次は、礼くんとはるこちゃんの、タンゴのシーンです。これは本当に素敵。青年が亡くした恋人を求めて館に迷い混むという設定のようですが、二人は、背格好もあってるし、踊れるので、見ごたえがあります。

赤やピンクの衣装が多い中、はるこちゃんの青いレースの衣裳が、際立ち、色っぽく美しい。大人のドラマを感じる、唯一のシーンです。

今回は、男役スターのポコちゃんが退団するので、結構たっぷり銀橋で歌うシーンがありました。

こういう退団者の愛あるシーンは、気持ち良いです。こ時のあーちゃんのちょっとくすんだ藍色の衣装もいいです。少女が何かに思いをはせる感じが出てます。

大階段では、赤系のゴージャスな衣装で、男役が揃いカッコいいです。宝塚では、ここに日本の歌謡曲が合わない感じがしましたが、今となれば、西城秀樹の歌でジーンときました。

素敵な衣装のデュエットダンスがあり、美しい声のエトワール(音咲いつき)の歌があり、華やかに幕を閉じました。

星組東京『Kiler Rouge』感想 まとめ

台湾公演に行くということで、衣装はとてきれいで、気合いが入っているのがわかりました。華やかで、スピーディー、勢いもありました。でも、前のめりの早いリズムのものばかり。これって、ベニにあっているのでしょうか?

楽しいキャラクターの紅ちゃんなので、元気なノリにするのもわかりますが、スピーディーなダンスを得意としている訳ではないし、もうちょっとドラマチックなシーンや、きちんと構成された物語性も入れて欲しかった。齋藤先生の熱い思いは、パンフレットからも伝わってきますが、コンセプトに縛られすぎず、緩急をつけて、紅ちゃんの魅力を引き出して欲しいです。

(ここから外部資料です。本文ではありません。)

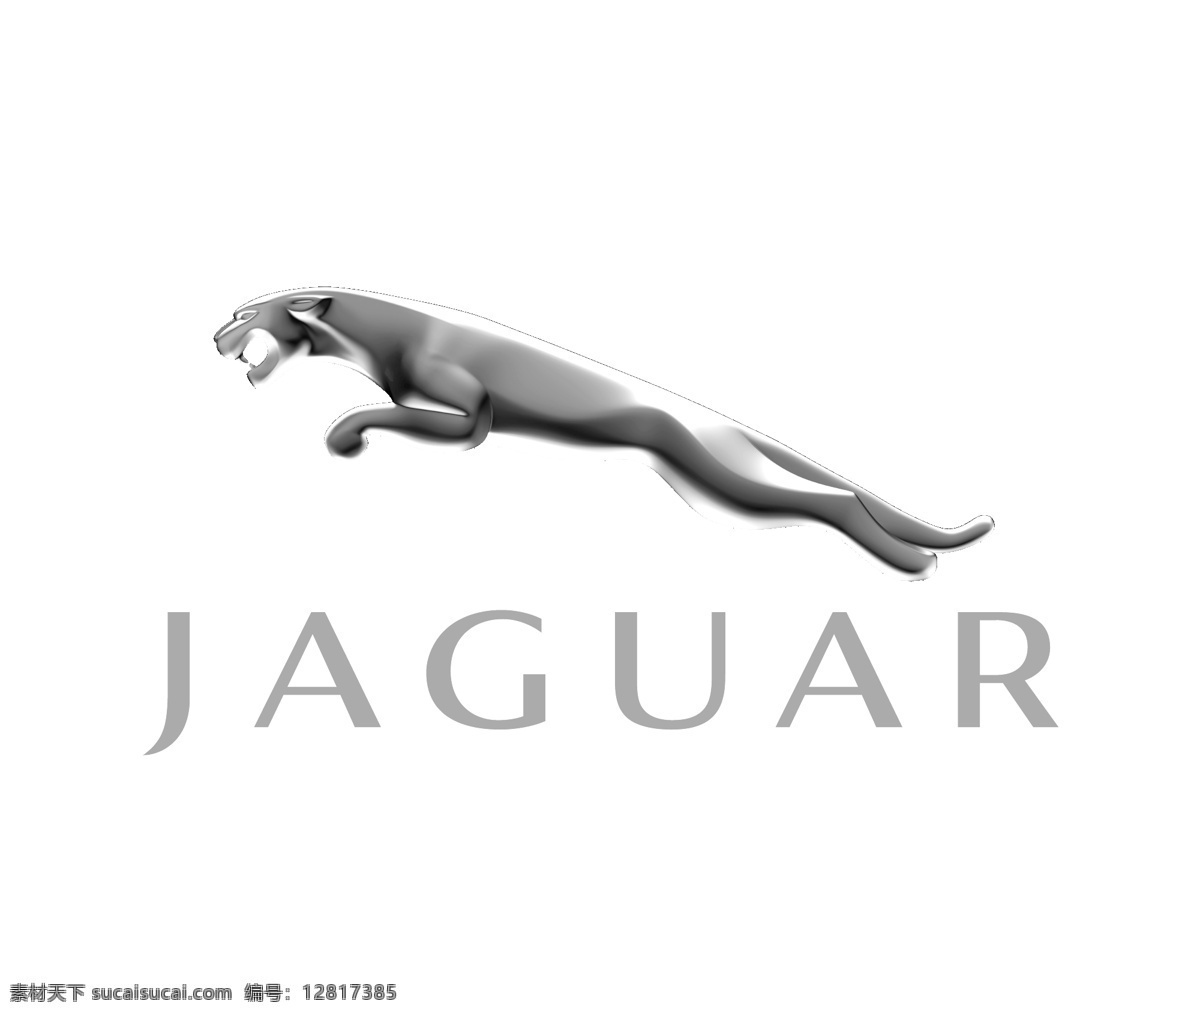 jaguar logo大全 logo 设计欣赏 商业矢量 矢量下载 汽车 大全 标志设计 欣赏 网页矢量 矢量图 其他矢量图
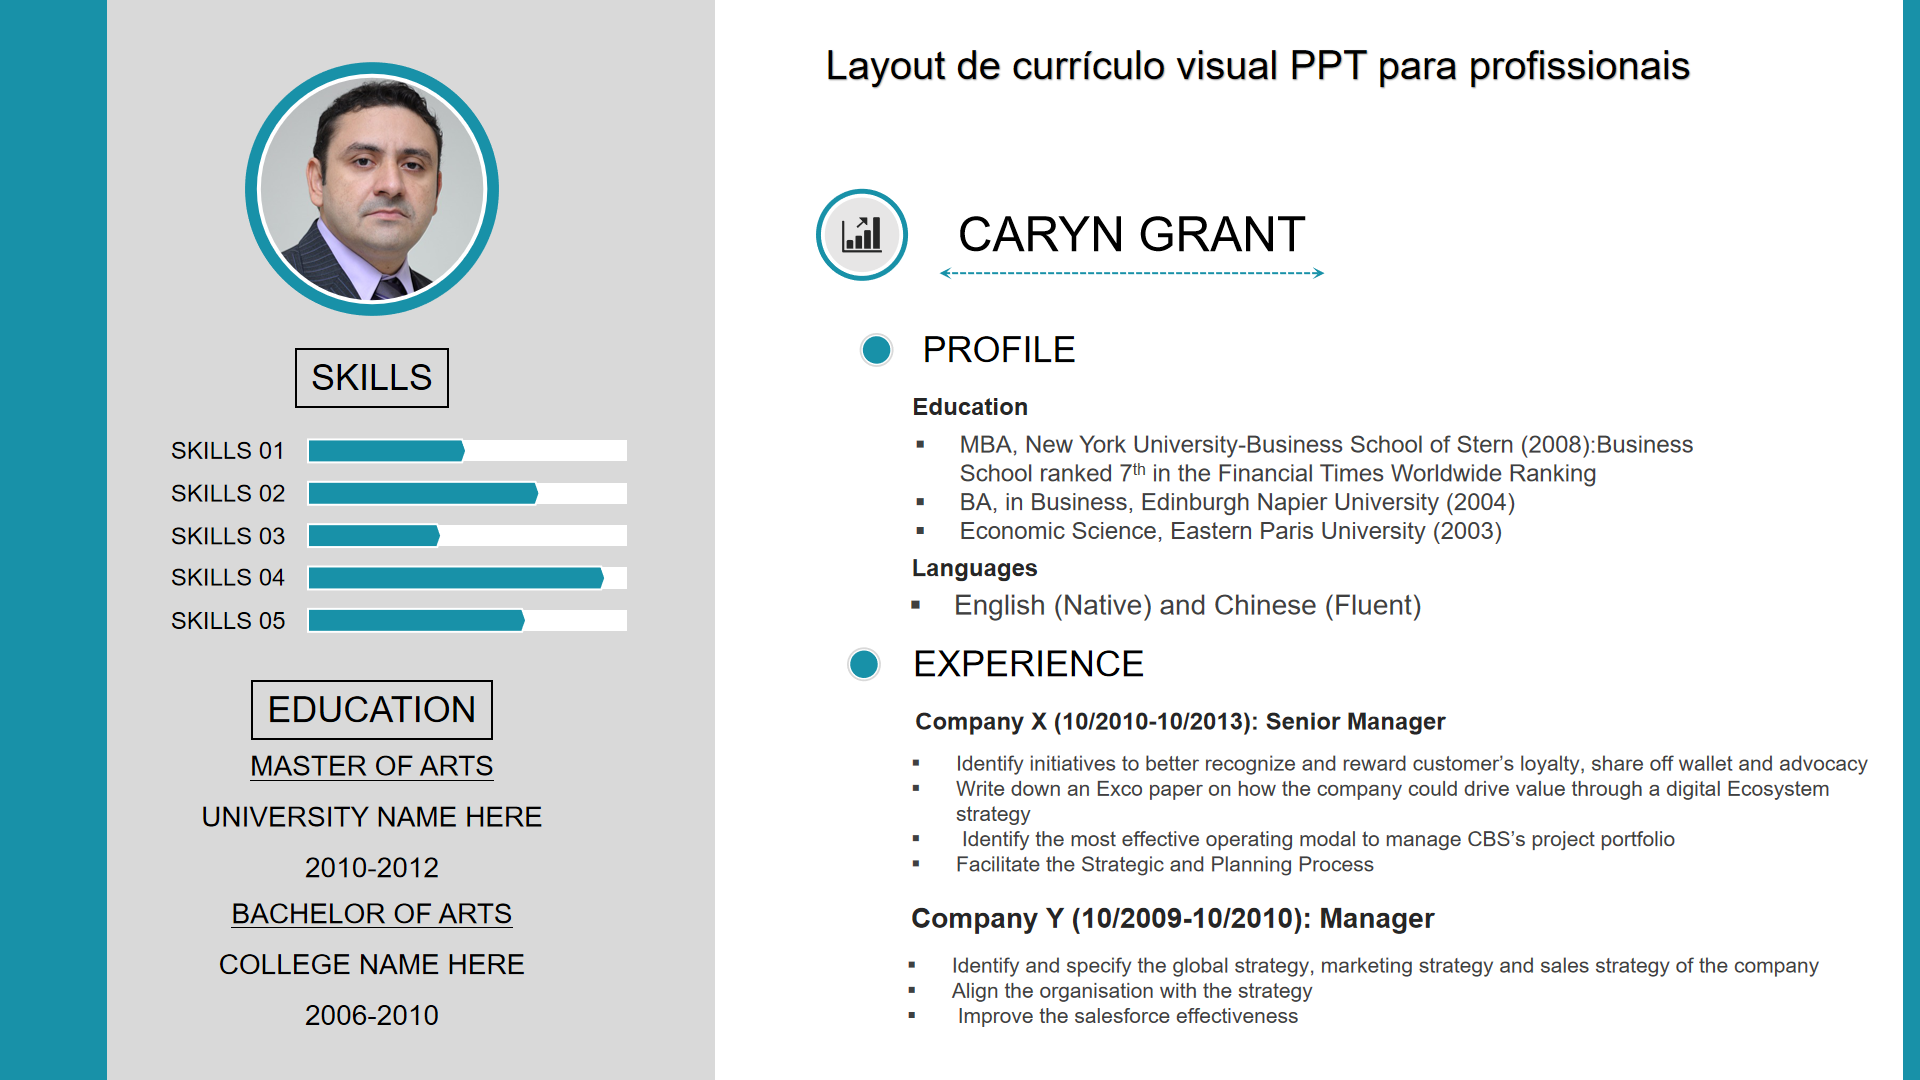 Layout de currículo visual PPT para profissionais

このショーは、台湾公演に行くということなので、開演を待つ気持ちがいつもとは違います。台湾公演に関するCSの番組を見て、紅さんのヤル気、エネルギーはビシバシ感じているので、いい作品であって欲しいと、祈るような気持ちがあります。
宝塚で観た時は、関西弁を自由に操っている紅さんが楽しそうだったし、寒いお笑いではなくて安心したものの、東京での二度目の観劇となると、舞台が練りあがって笑いが増す、という感じにはなりませんでした。笑いの合間の美しいシーンに、見応があります。